There is a scurrilous fabrication being disseminated by the Catholic Church regarding Junípero Serra, the missionary whom Pope Francis intends to canonize on September 23, 2015. Monsignor Francis J. Weber—whose article appears on several Catholic websites—calls Serra a “defender of the Indians’ human rights in 1773 when he journeyed from California to Mexico City to personally present to the viceroy a Representación …which is sometimes termed a ‘Bill of Rights’ for Indians.”

Note that the phrase—“sometimes termed”—implies that Serra did indeed create a “Bill of Rights” for Indians. By using the passive voice, Weber deftly avoids the issue of the claim’s accuracy. He implies what unnamed others have implied, a curious position for an archivist emeritus and author of several publications about the California missions.

Archbishop José H. Gomez makes a more audacious claim: The “Representación” “is probably the first ‘bill of rights’ published in North America,” he wrote in Angelus: The Tidings Online last January. The lower-case “bill of rights” does not indicate that there is a document labeled that way but similarly implies that there is one that can be described in those terms.

The National Catholic Review went further when it reported on May 2 that Archbishop Gomez “offered strong evidence that Serra had in fact been ‘a protector and defender of the Indians,’ and had gained a ‘Bill of Rights’ for them [from the Spanish Viceroy in Mexico City] in 1773.” The words “in fact” now assert that the Viceroy issued a document that was identified as a “Bill of Rights.”

American Catholic.org makes an even wilder claim when it states that the “outcome” of Serra’s trip to Mexico City in 1773 was “the famous ‘Regulation’ protecting the Indians and the missions. It was the basis for the first significant legislation in California, a “Bill of Rights” for Native Americans.”

These specious claims are not supported by the historical record. Let’s look at what the documents state regarding why Serra went to see the Viceroy in 1773 and what the missionary actually submitted.

Serra’s last letter before leaving San Diego was written on October 13, 1772. It was addressed to the commanding officer of the presidio at Monterey, Pedro Fages. Serra had had a difficult relationship with the officer ever since Fages had been appointed to his post two years earlier.
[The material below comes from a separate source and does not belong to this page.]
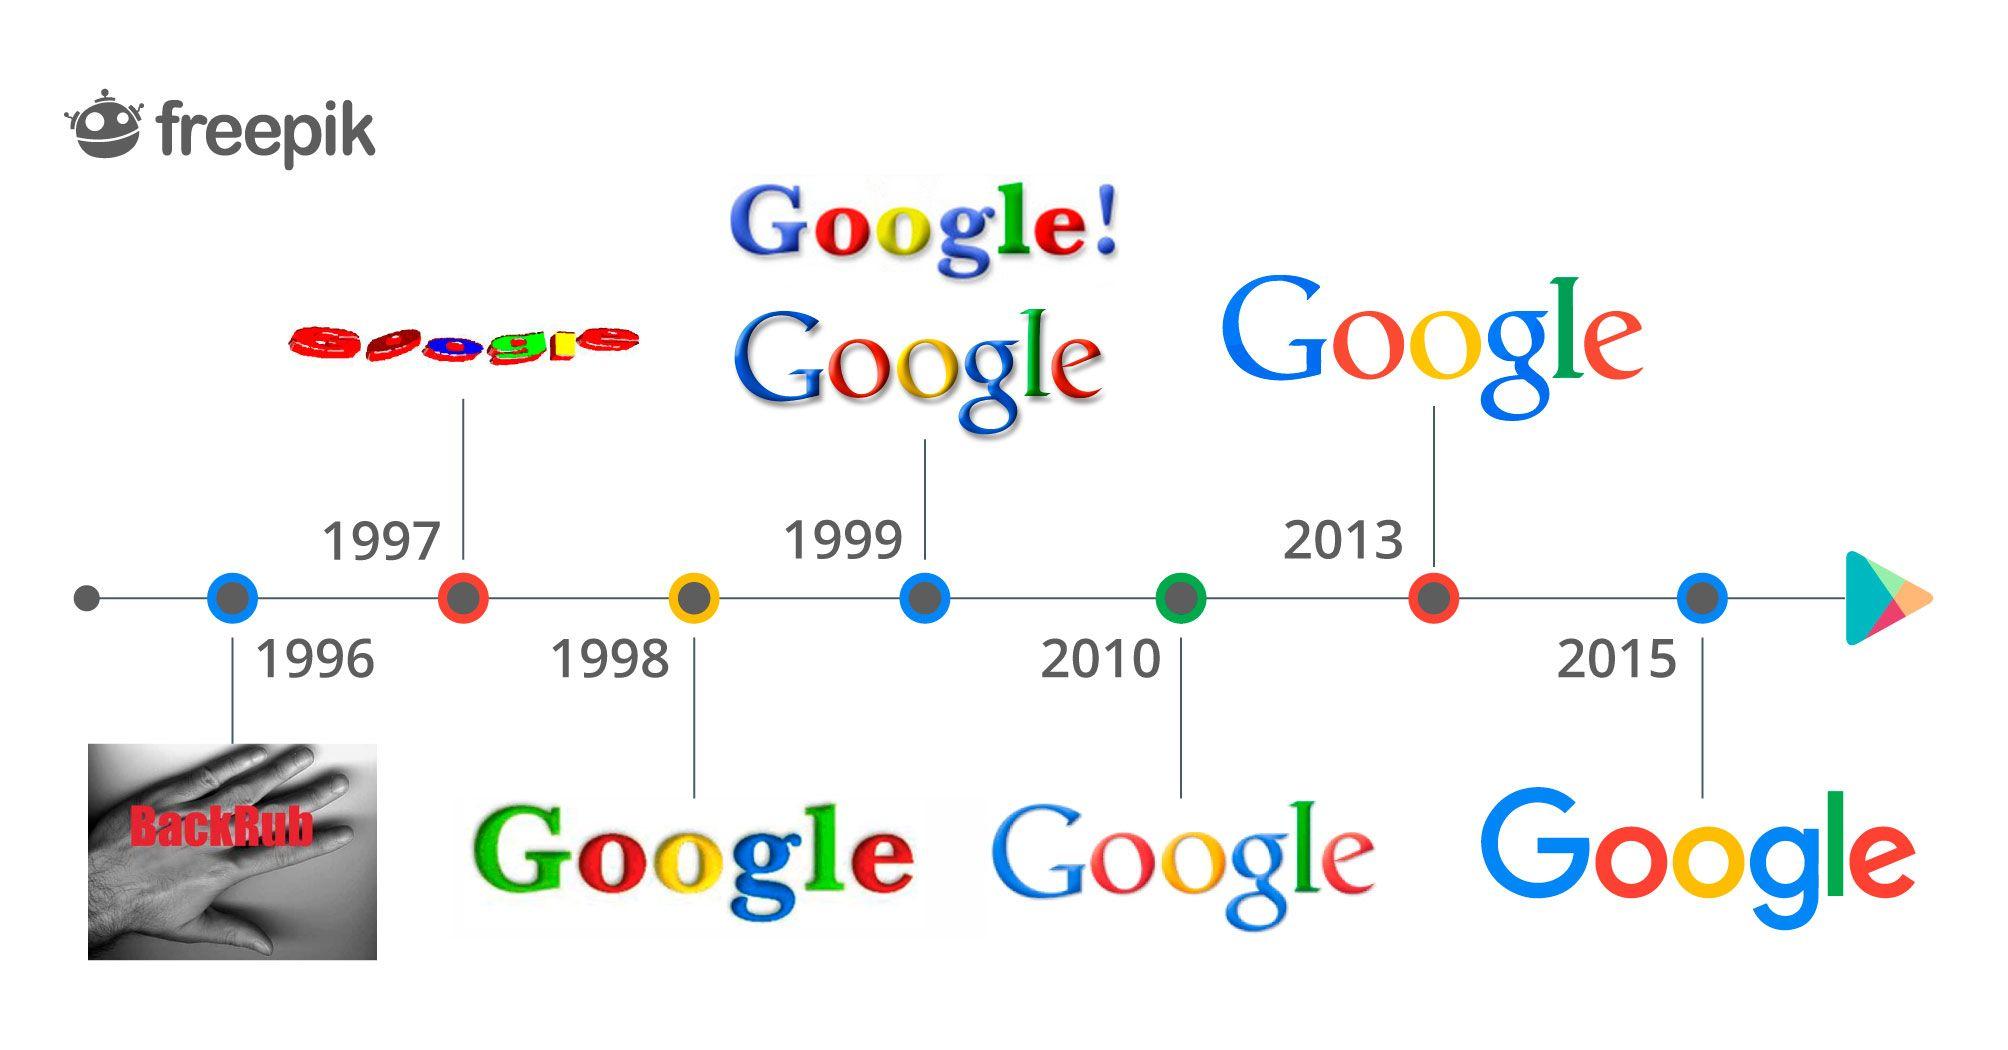 1999 Google Logo - The evolution of Google logo as well as its Play Store logo

The backstory of that letter is critical to understanding what Serra wrote and why.

In 1770, Fages replaced Gaspar de Portolá, the military commander whom Serra had accompanied in 1769 on the expedition to Alta California. In 1768, Jesuit missionaries were expelled from Baja California for having enriched themselves at the expense of the Spanish Crown. As a result, the Dominican and Franciscan replacements were accorded limited religious authority so that they could not do the same. Serra began his tenure as Padre Presidente with circumscribed powers and none over military commanders. This quickly proved a source of friction between Fages and Serra, both of whom established their headquarters in Monterey, the officer at the Presidio and Serra at Mission San Carlos Boromeo de Carmelo.
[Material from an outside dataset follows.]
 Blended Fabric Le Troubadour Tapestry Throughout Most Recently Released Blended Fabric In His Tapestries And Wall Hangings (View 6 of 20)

The two men had divergent views regarding establishing new missions versus civil pueblos, how the soldiers should be deployed, and what the soldiers did when off duty. Despite these differences, the two leaders established three additional missions from 1771–72. Fages refused to provide supplies and soldiers for a fourth in 1772 that had been approved at San Buenaventura. Unbeknownst to Serra, Fages had an ace in the hole.

Almost a year earlier, in November 1771, the newly appointed Viceroy, Antonio Maria de Bucareli y Ursúa, had written a letter to Fages, instructing him to direct Serra and his missionaries to “obey and comply” with Fages’s orders. Bucareli wrote the letter in response to Fages’s accounts of an earlier incident that involved the desertion of soldiers and a mule driver from the San Diego mission. Fages did not mention the helpful role that Serra and Father Paterna (from San Diego) had played in bringing about the return of the deserters. Fages only apprised Serra of Bucareli’s instructions in a letter dated October 11, 1772.

The delay in conveying Bucareli’s order to Serra alerted the latter that Fages had undoubtedly had further communication with the Viceroy during the intervening months. Serra was in a difficult position. On October 13, 1772, he wrote back to Fages:

“…[I]n always [having] persuaded and tried to have your inferiors obey your orders, I have testimony of my conscience…. I am ready to put into effect whatever his Excellency [Viceroy Bucareli] commands…. I only beg of you that … you will permit me to see the original letter of his Excellency from which you extracted the clause, not because I have the least doubt of the exactness of the copy, but to see whether from the context I can arrive at some knowledge of what or about what had been the information which may have given his Excellency occasion to send use such an exhortation.”

In Appendix I of Antonine Tibesar’s Writings of Junipero Serra (1955), there is a letter from Rafael Verger, Guardian, to Serra dated March 9, 1773. It commands the latter to prepare a “juridical and exact report of all that will serve and is necessary to the stability and prosperity of those faraway new conquests [at the missions]…(pp. 401–2). Serra’s response was dated four days later. It is captioned on page 295, “[Document] 28. To Antonio Maria de Bucareli y Ursúa[:] Report [the English translation of Representación] on the general condition and needs of the missions of Upper California; thirty-two suggestions for improvement in the government of the missions. Written at Mexico City, March 13, 1773. Accompanying memorandum lists the church furnishings needed in some of the missions.”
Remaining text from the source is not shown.